Like two rival siblings, rugby and American football grew up together and later followed their own separate paths. One gained a widespread following and prospered, while the other fell under its shadow and languished.
With 32 franchises competing in the NFL today, the league is a sporting behemoth in American culture. Professional teams draft young players from NCAA programs that serve as incubators and release them on the gridiron in front of millions of loyal fans.
In contrast, professional rugby in the U.S. never lasted more than a year. PRO Rugby was introduced in 2016 with 5 teams but then folded 9 months later. In college, the NCAA doesn’t even oversee men’s rugby, leaving the un-padded and un-helmeted recreation to fall under the auspices of USA Rugby.
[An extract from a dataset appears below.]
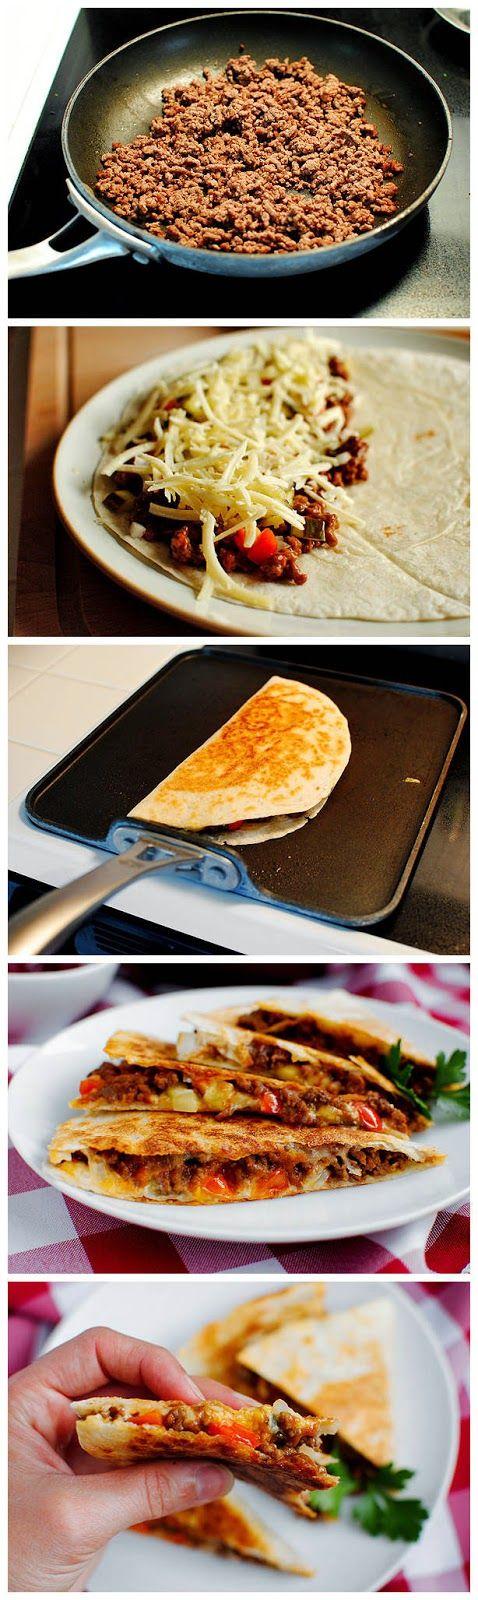 Cheeseburger Quesadillas - swap the bun for a No Preservatives Azteca tortilla in this creative and delicious recipe!

But go back to the early 20th century and the scene was different. Rugby and football were vying for supremacy at American colleges and potentially, for the hearts and minds of the sporting heartland.
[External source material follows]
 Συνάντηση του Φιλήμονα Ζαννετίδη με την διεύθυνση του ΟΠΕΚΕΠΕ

Adopted in the 1870’s, rugby made its way in America through the collegiate system. The Ivy Leagues promoted it on the east coast, while out west British expats popularized the game in California.
The rough and tumble sport started showing its American features after Yale graduate Walter Camp sought to bring order to what he regarded as mob chaos in the game.
Camp dropped the number of players on a side from 15 to 11, introduced the line of scrimmage and the center snap-back, and implemented a system of downs for moving the ball.
The new rules departed from the rugby conventions of the day and while they caught on over time, the game remained incurably violent. Crippling injuries and even deaths were not uncommon.
Football came to a head in 1905 when 19 players died from injuries sustained on the field. It was during this period and the next decade when rugby challenged football as the preferred college sport.
The “football crisis” prompted President Teddy Roosevelt to force colleges to adopt safer guidelines. Some newly-created rules, including the legalization of the forward pass intended to open up the game, weren’t popular.
While the game’s future was being debated on the east coast, Stanford and UC-Berkeley abandoned football altogether in favor of rugby. Their annual “Big Game” meet-up, contested since 1892, was played under rugby rules from 1906-1914. Other colleges and high schools picked up the rugby code as well.
But rugby’s momentum was stopped cold following the visit of New Zealand’s All-Blacks team in 1913. Playing at least a dozen exhibition matches against various California colleges, the kiwis crushed the Americans at every opportunity. The All-Blacks even thrashed the best of an All-American squad 51-3. The effect on the sport and its national support was profound.
The San Francisco Post wrote “…we have not yet learned how to play rugby. It is still a foreign game”. Spalding’s Guide reported “…we have not mastered the rudiments of rugby”.
Sports programs returned to football and rugby began its slow march towards national irrelevance. The game’s last hurrah for the Americans was at the 1920 and 1924 Olympics where the U.S. rugby team won gold.
Some argue that rugby was doomed from the start, but it remains one of the great might-have-beens in American sports history.